Spec ServerMaintenanceSpec
Status ServerMaintenanceStatus
}
type ServerMaintenanceSpec struct {
// ServerSelector selects servers for this maintenance.
ServerSelector *v1.ServerSelector
// The order of the stages is Idle -> InMaintenance -> Complete.
// The default value is Idle.
Stage ServerMaintenanceStage
// Reason for the maintenance.
Reason string
}
As soon as the Stage is set to InMaintenance
all selected Servers
will have their .spec.power
set to Off
.
The respective ServerClaims
, if any, can either be re-bound or kept.
Likely, such a setting needs to be added to a ServerClaim
.
On completion all selected Servers
will have .spec.power
to On
, when no other ServerMaintenance
with stage InMaintenance
selects a Server
.
Completed ServerMaintenances
need to be garbage collected eventually.
The cloud-provider-manager-metal can have a watch on ServerMaintenances
and forward information about ServerMaintenances
into it's Kubernetes cluster.
Do we need some mechanism to block/deny maintenances on Servers
?
@Nuckal777 thanks for input!
I'm pretty sure, that we must not power off servers in such an implicit manner. For instance, firmware updates, especially which require server reboot, should be also considered as maintenance. Hence, it might not be reasonable to force server power off.
Apart from that, any of controllers which work with Server
CR would have to loop over ServerMaintenance
objects to find whether server is in maintenance or not. This could be solved by the additional field or condition in servers status, however, it might cause data race between controllers as soon as both spec (to switch power) and status (to set maintenance state) have to be updated.
From my perspective, maintenance state should be represented in .spec
of the Server
CR:
From my perspective, maintenance state should be represented in .spec of the Server CR
There is an issue with that design: When 2 controllers powered off a Server
and one controller is finished, the finished controller will set the power state to on and the second controller to off. The controller start fighting over that field. metal3 uses a similar design for that reason. Further reasoning is in the declarative node API proposal.

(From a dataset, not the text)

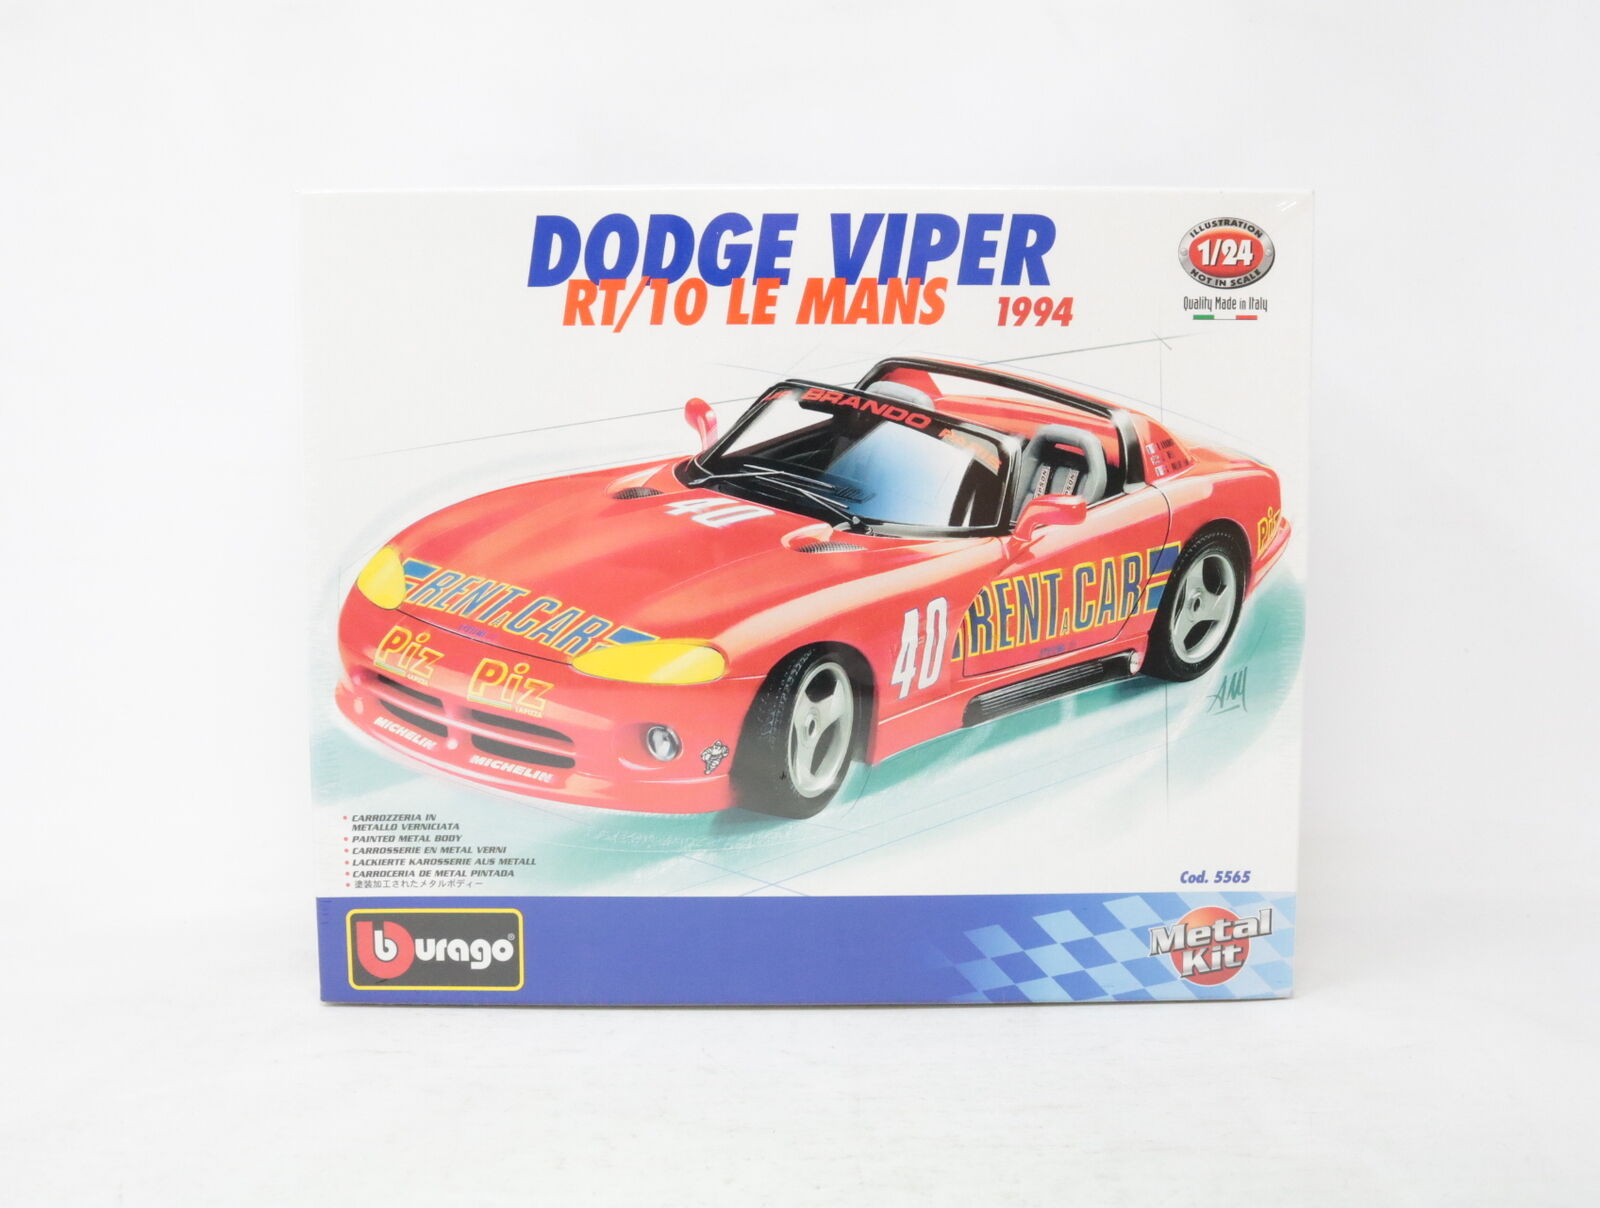 1 24 BBURAGO METAL KIT DODGE VIPER RT 10 LE MANS cod. 5565  [WE-017]

For instance, firmware updates, especially which require server reboot, should be also considered as maintenance.
Why couldn't a the firmware upgrade handling create a ServerMaintenance
and delete it after finishing?
Apart from that, any of controllers which work with Server CR would have to loop over ServerMaintenance objects to find whether server is in maintenance or not.
I agree. This would be a disadvantage.
I like the idea of having an own resource initiating the Maintenance
of a Server
. Regarding the ServerClaim
binding: Power management and other updates will only happen, when the Server
is in a Reserved
state - meaning once a Server
is in Maintenance
, only the MaintenanceReconciler
should perform operations on the Server
e.g. creating a BootConfiguration
to boot into the BIOS/Firmware update mode etc.
There is an issue with that design: When 2 controllers powered off a Server and one controller is finished, the finished controller will set the power state to on and the second controller to off. The controller start fighting over that field. metal3 uses a similar design for that reason. Further reasoning is in the declarative node API proposal.
As @afritzler mentioned, it should be done in such a way, that particular controller may manage server's power state only if server is in particular state. Like if server is in Reserved state, then only ServerClaim controller could power it on/off, if server is in Maintenance state, then only Maintenance controller could power it on/off and etc.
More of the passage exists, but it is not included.